On Sun, Nov 23, 2014 at 3:50 PM, Роман Донченко <dpb@corrigendum.ru> wrote:
> The RFC says that they are to be concatenated after decoding (i.e. the
> intervening whitespace is ignored).
>
> I change the sender's name to an all-Cyrillic string in the tests so that
> its encoded form goes over the 76 characters in a line limit, forcing
> format-patch to split it into multiple encoded words.
>
> Since I have to modify the regular expression for an encoded word anyway,
> I take the opportunity to bring it closer to the spec, most notably
> disallowing embedded spaces and making it case-insensitive (thus allowing
> the encoding to be specified as both "q" and "Q").
>
> Signed-off-by: Роман Донченко <dpb@corrigendum.ru>

This sounds like a worthy thing to do in general.

I wonder if the C implementation we have for mailinfo needs similar
update, though. I vaguely recall that we have case-insensitive start for
q/b segments, but do not remember the details offhand.

Was the change to the test to use Cyrillic really necessary, or did it
suffice if you simply extended the existsing "Funny Name" spelled with
strange accents, but you substituted the whole string anyway?

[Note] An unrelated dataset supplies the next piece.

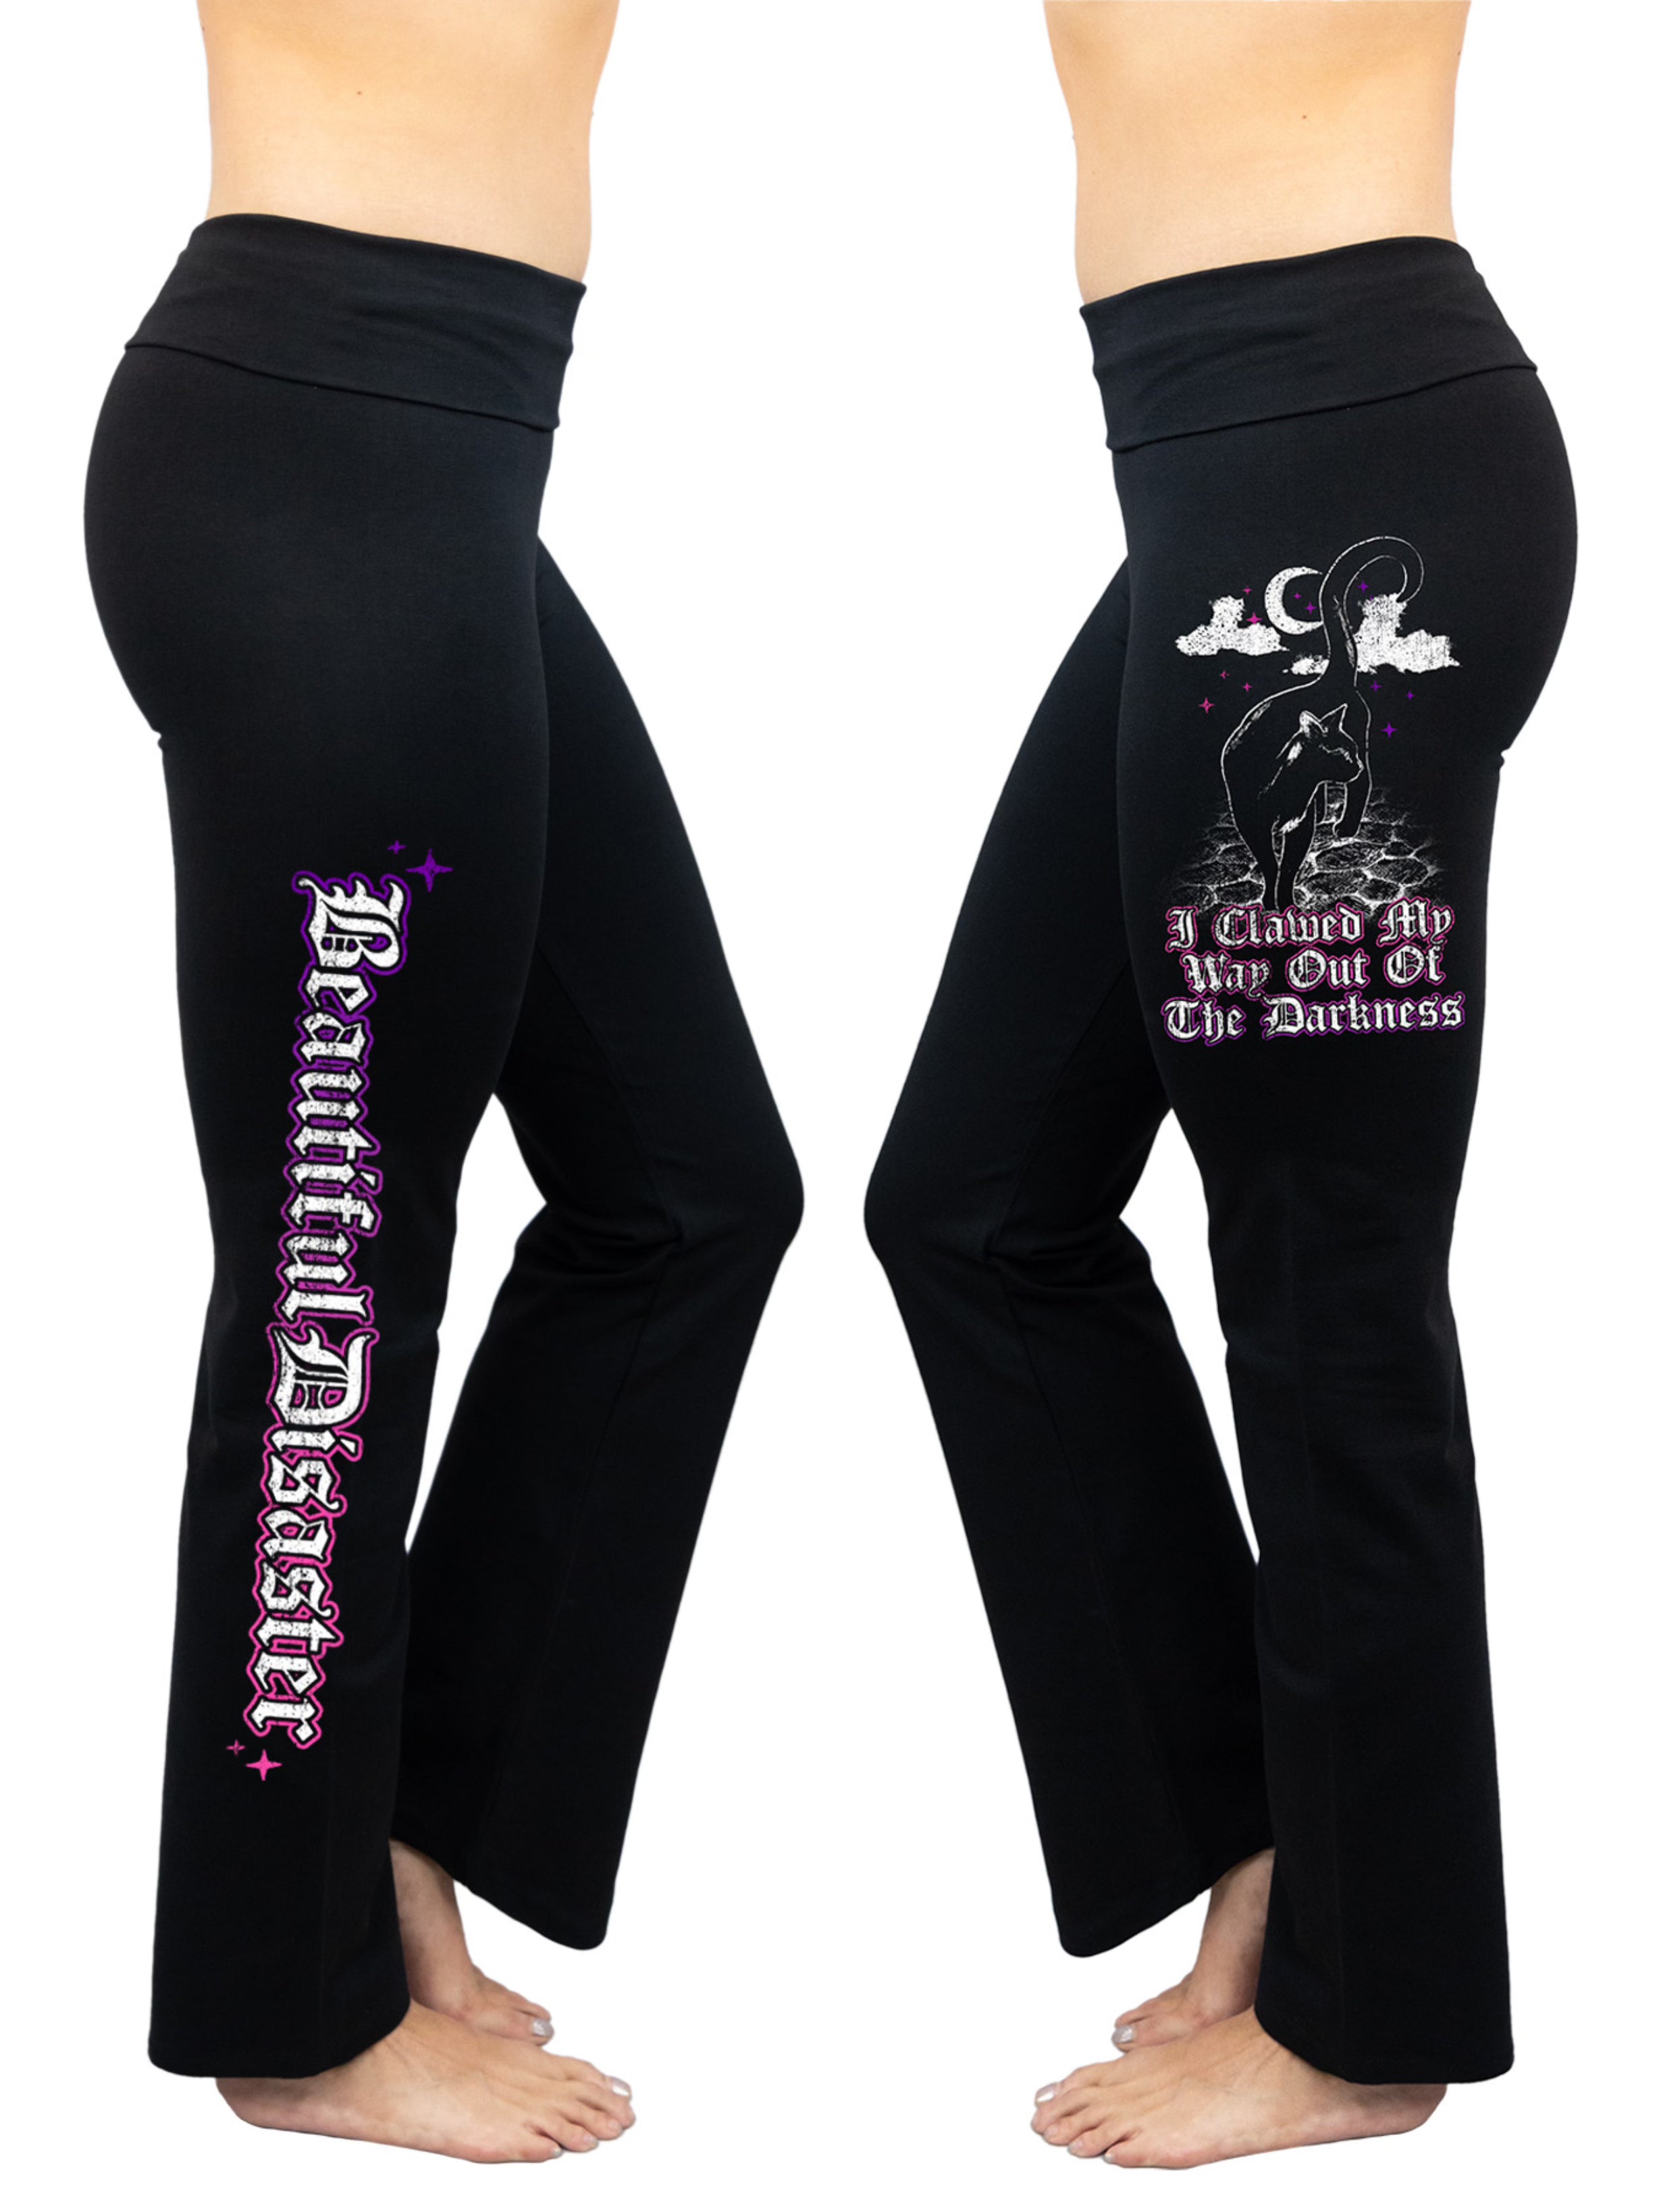 Buddha Pants - Don't get stuck in leggings all summer!☀️ Our

Until I found out what the new string says by running web-based
translation on it, I felt somewhat uneasy. As I do not read
Cyrillic/Russian, we may have been adding some profanity without
knowing. It turns out that the string just says "Cyrillic Name", so I am
not against using the new string, but it simply looked odd to replace the
string whole-sale when you merely need a longer string. It made it look
as if a bug was specific to Cyrillic when it wasn't.

As you may notice by reading "git log --no-merges" from recent history,
we tend not to say "I did X, I did Y". If the tone of the above message
were more similar to them, it may have been easier to read.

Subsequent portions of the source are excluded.